=== WHAT IS REQUIRED ===
Retype every line from the top of the entries down to the one with "sentimientos. Educación Infantil", both included, and skip the pictures.
[[ MATERIAL FOR THE TASK, beginning ]]
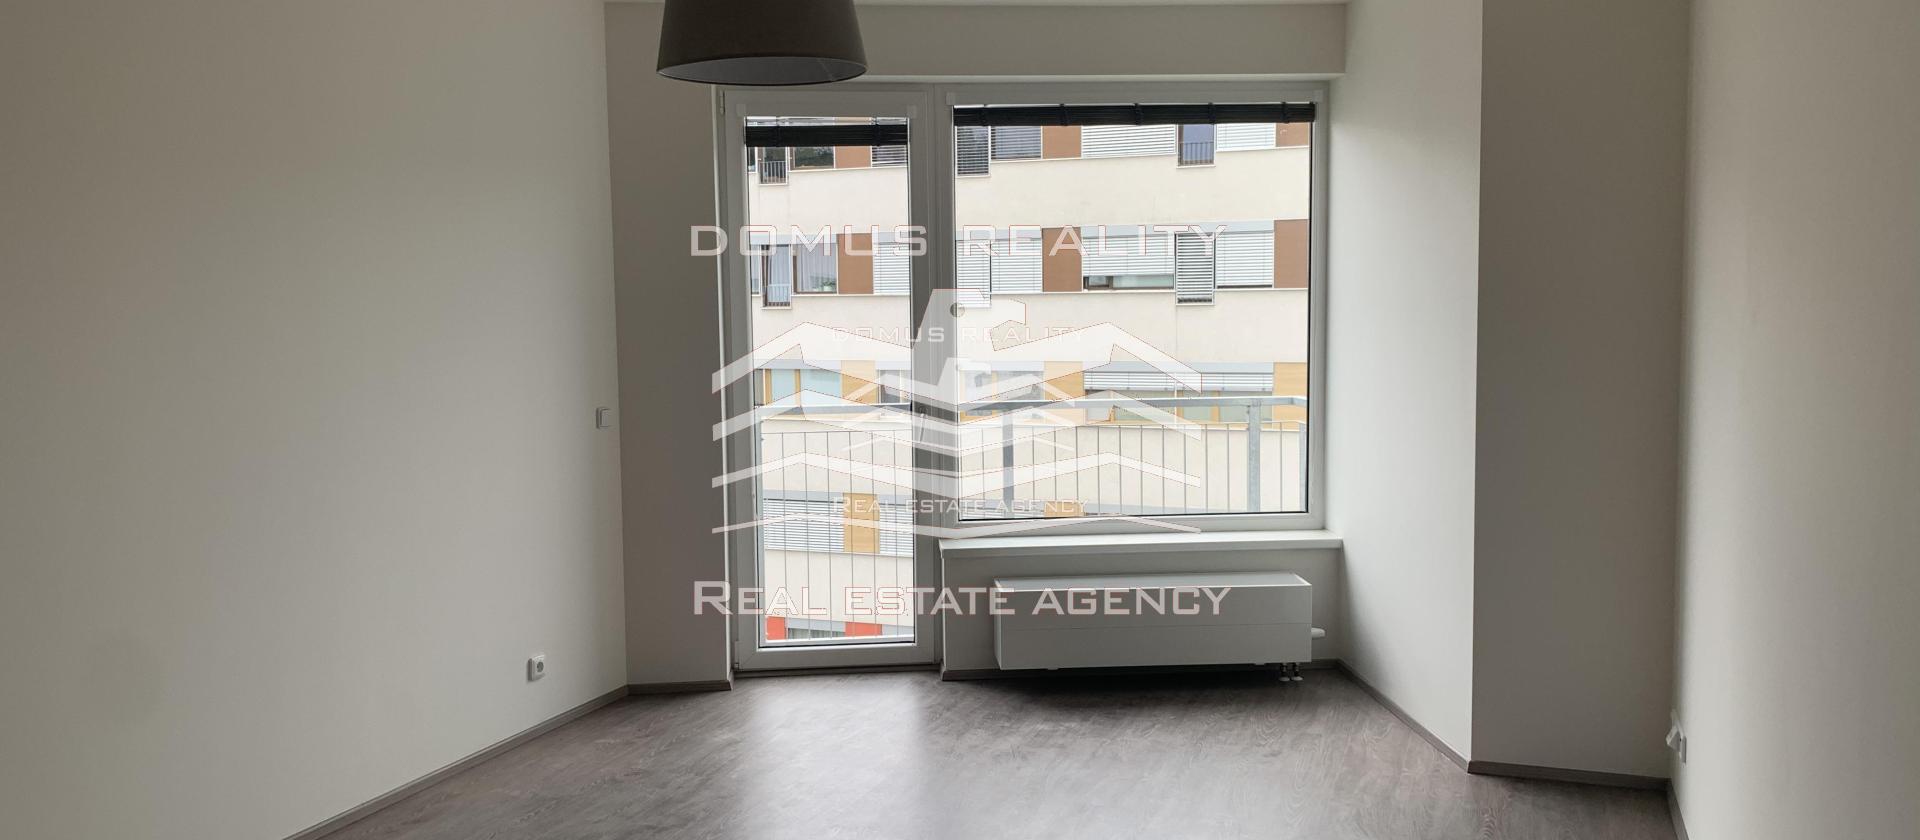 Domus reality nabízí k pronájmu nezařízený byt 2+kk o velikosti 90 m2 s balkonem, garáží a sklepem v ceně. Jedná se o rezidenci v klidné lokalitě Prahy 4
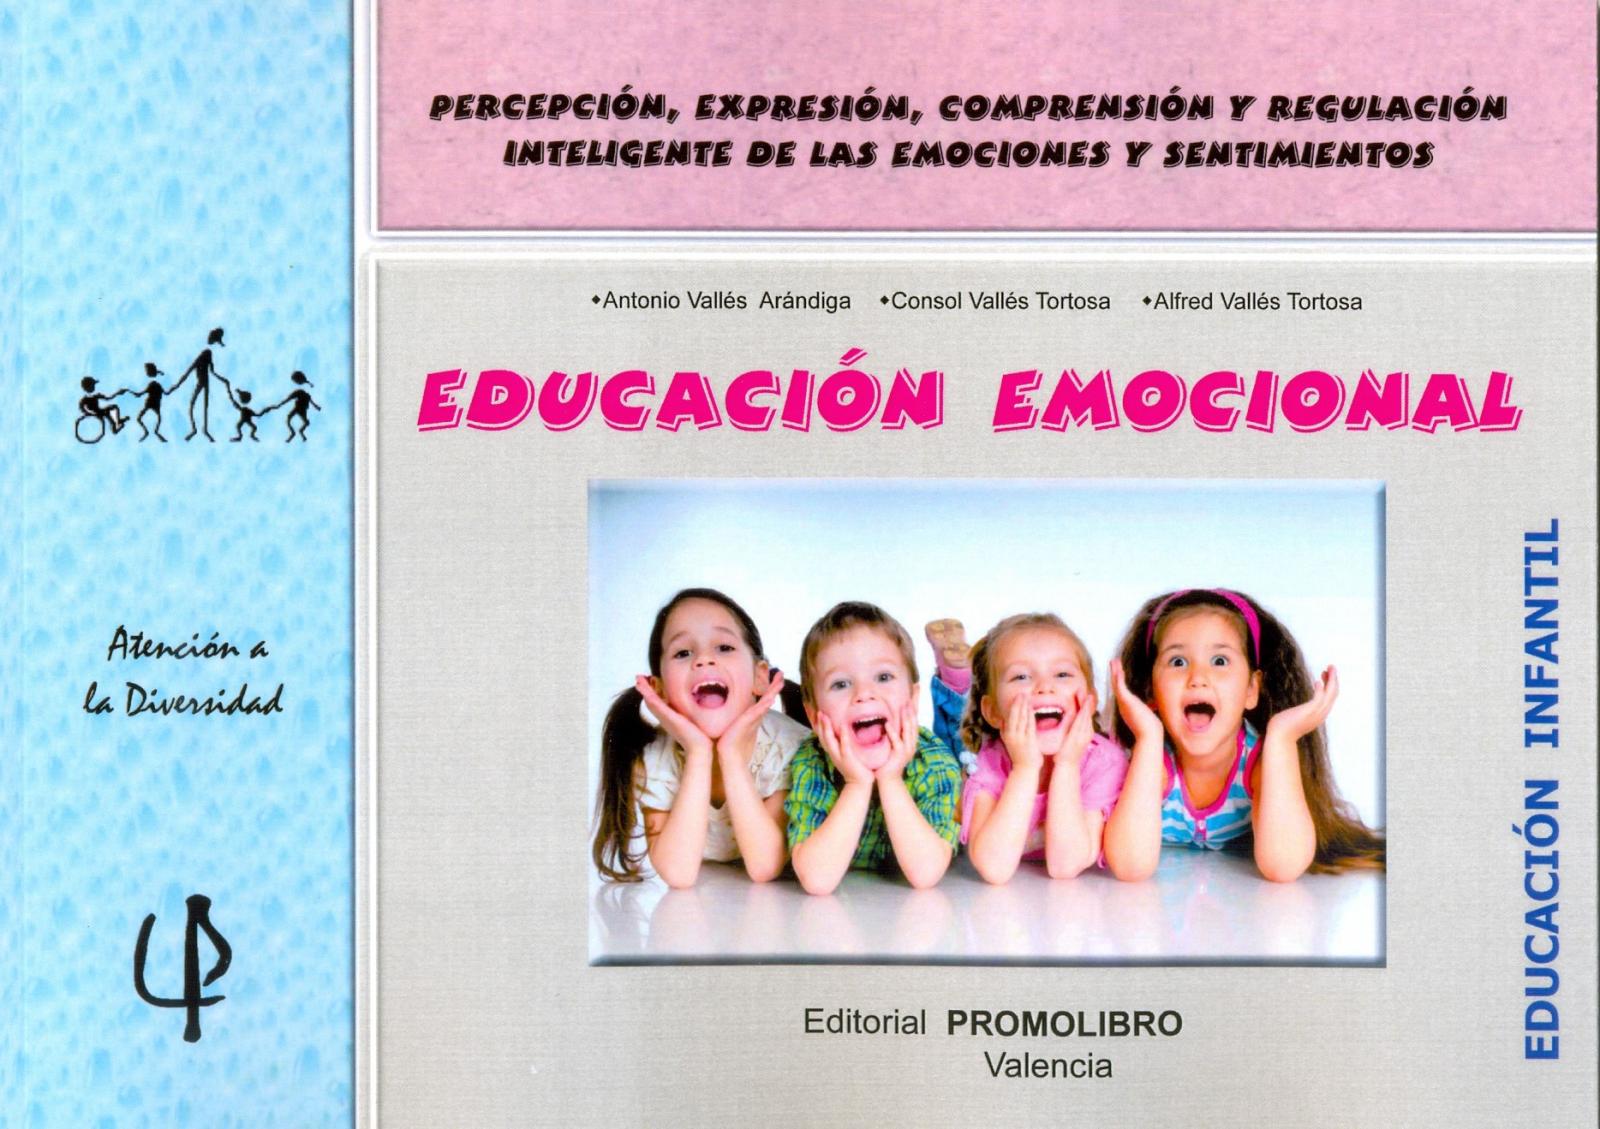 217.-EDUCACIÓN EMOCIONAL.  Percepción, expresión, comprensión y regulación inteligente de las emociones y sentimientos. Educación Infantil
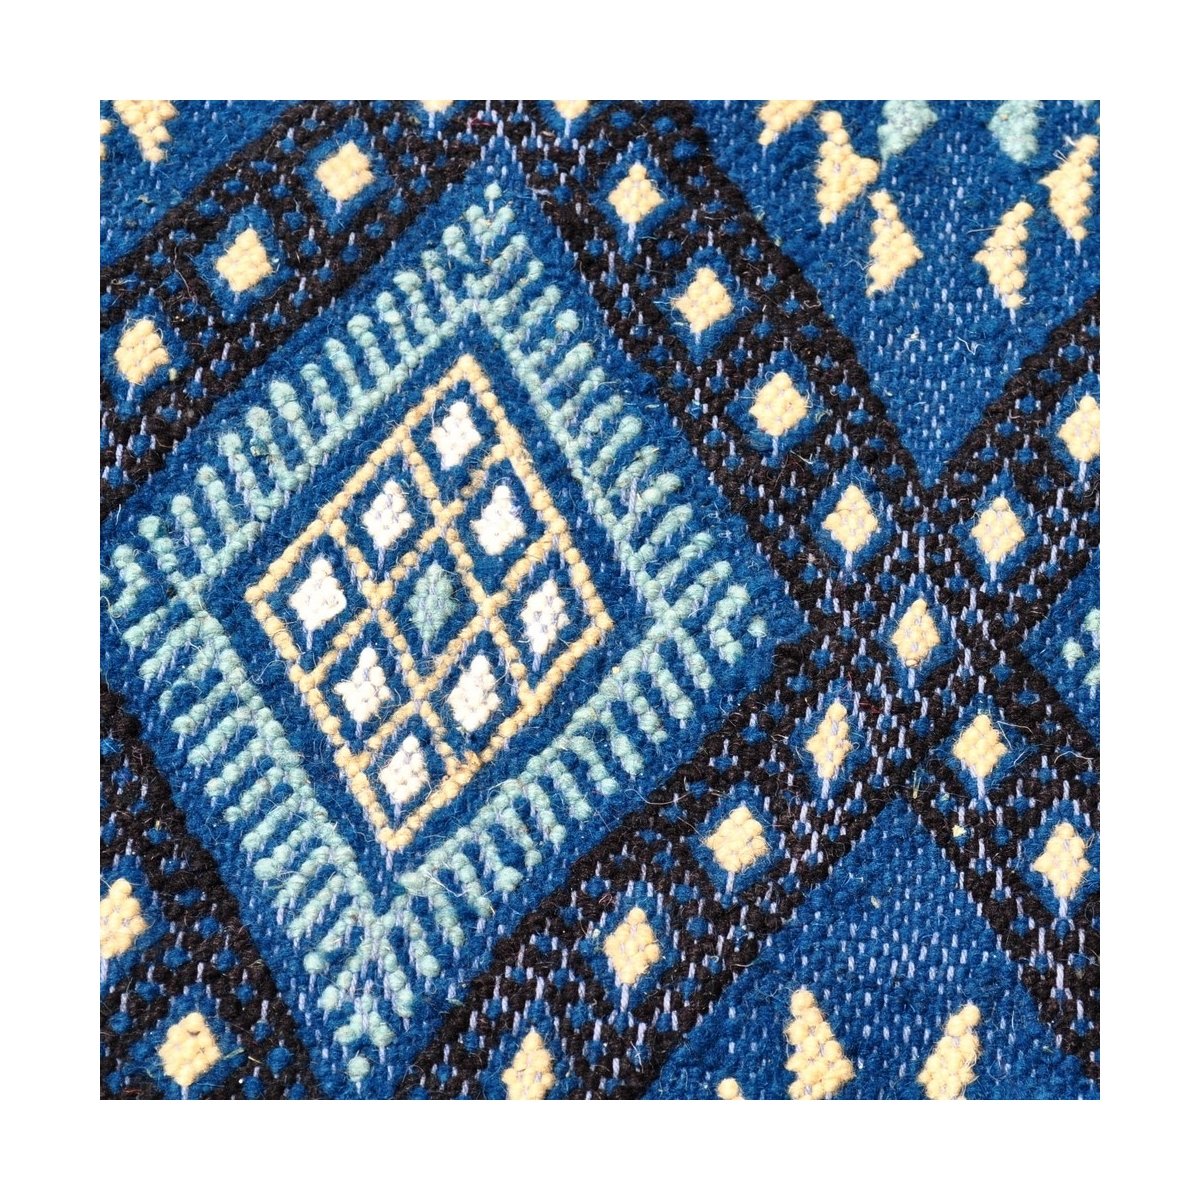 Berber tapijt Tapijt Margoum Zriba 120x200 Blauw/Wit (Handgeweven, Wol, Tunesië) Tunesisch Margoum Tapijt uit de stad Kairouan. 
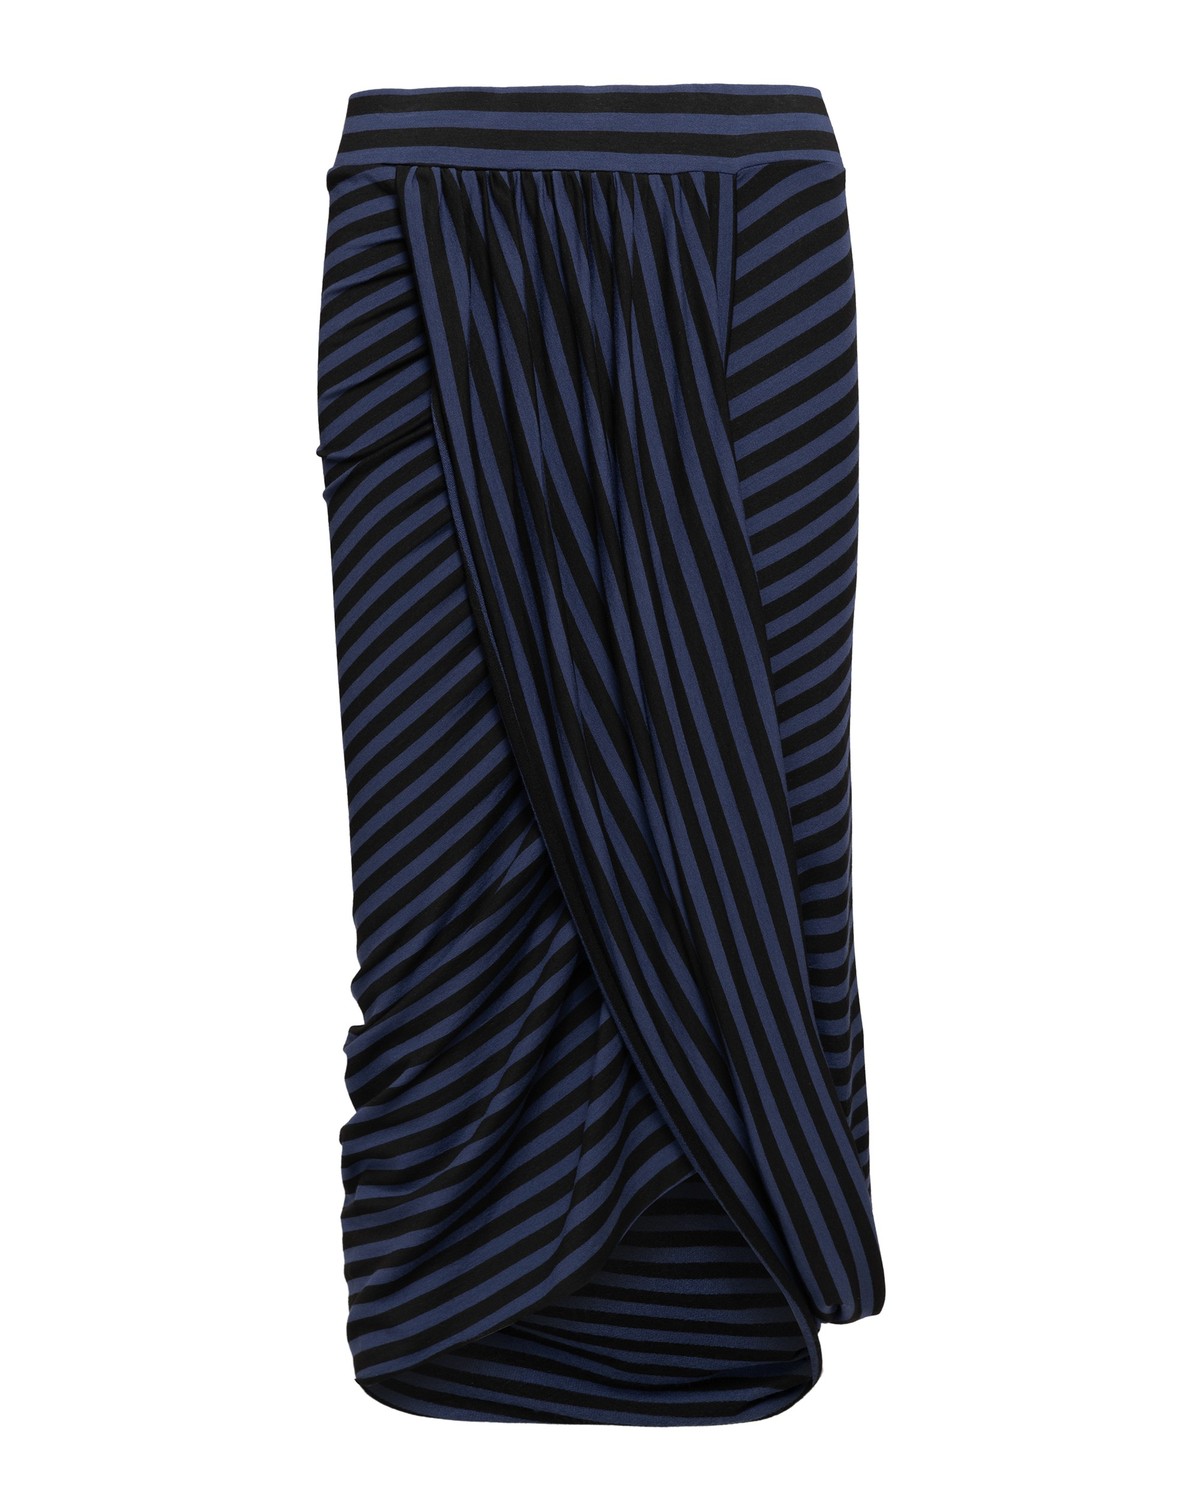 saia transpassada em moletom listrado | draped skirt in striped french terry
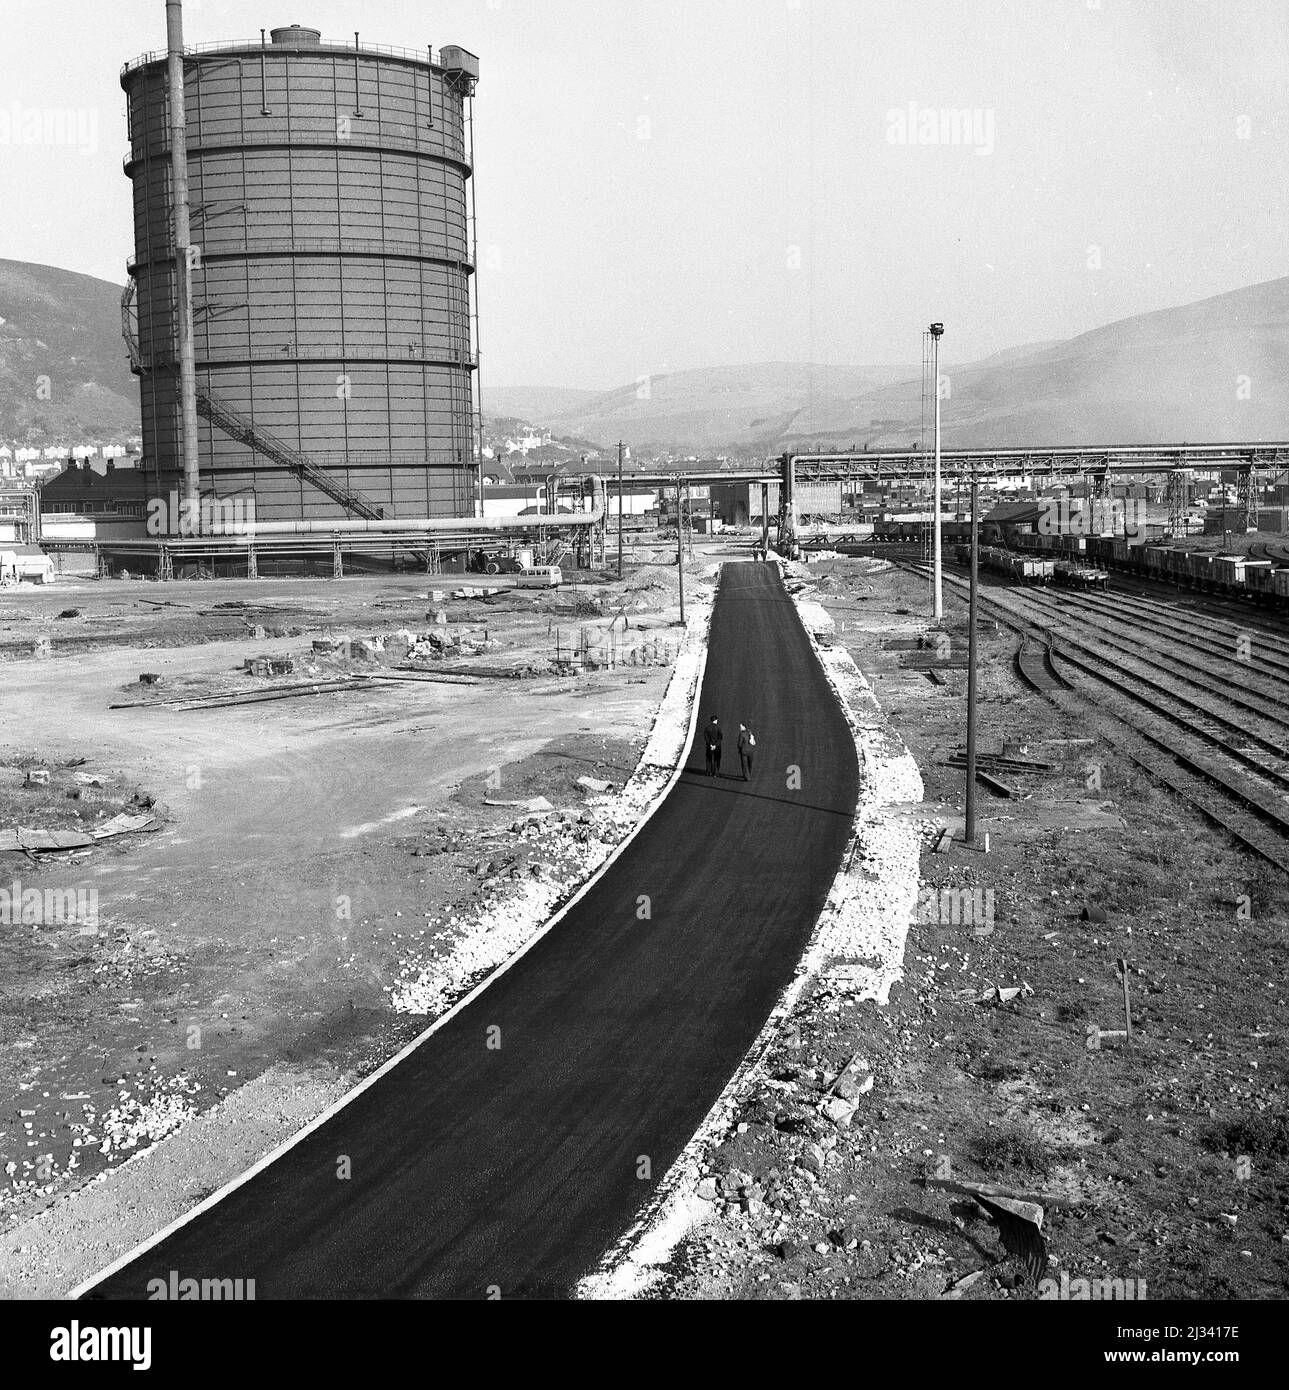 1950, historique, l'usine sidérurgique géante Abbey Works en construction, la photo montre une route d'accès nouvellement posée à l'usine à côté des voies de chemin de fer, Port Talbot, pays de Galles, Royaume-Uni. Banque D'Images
[[ MATERIAL FOR THE TASK, end ]]
=== ANSWER ===
 Domus reality nabízí k pronájmu nezařízený byt 2+kk o velikosti 90 m2 s balkonem, garáží a sklepem v ceně. Jedná se o rezidenci v klidné lokalitě Prahy 4
 217.-EDUCACIÓN EMOCIONAL.  Percepción, expresión, comprensión y regulación inteligente de las emociones y sentimientos. Educación Infantil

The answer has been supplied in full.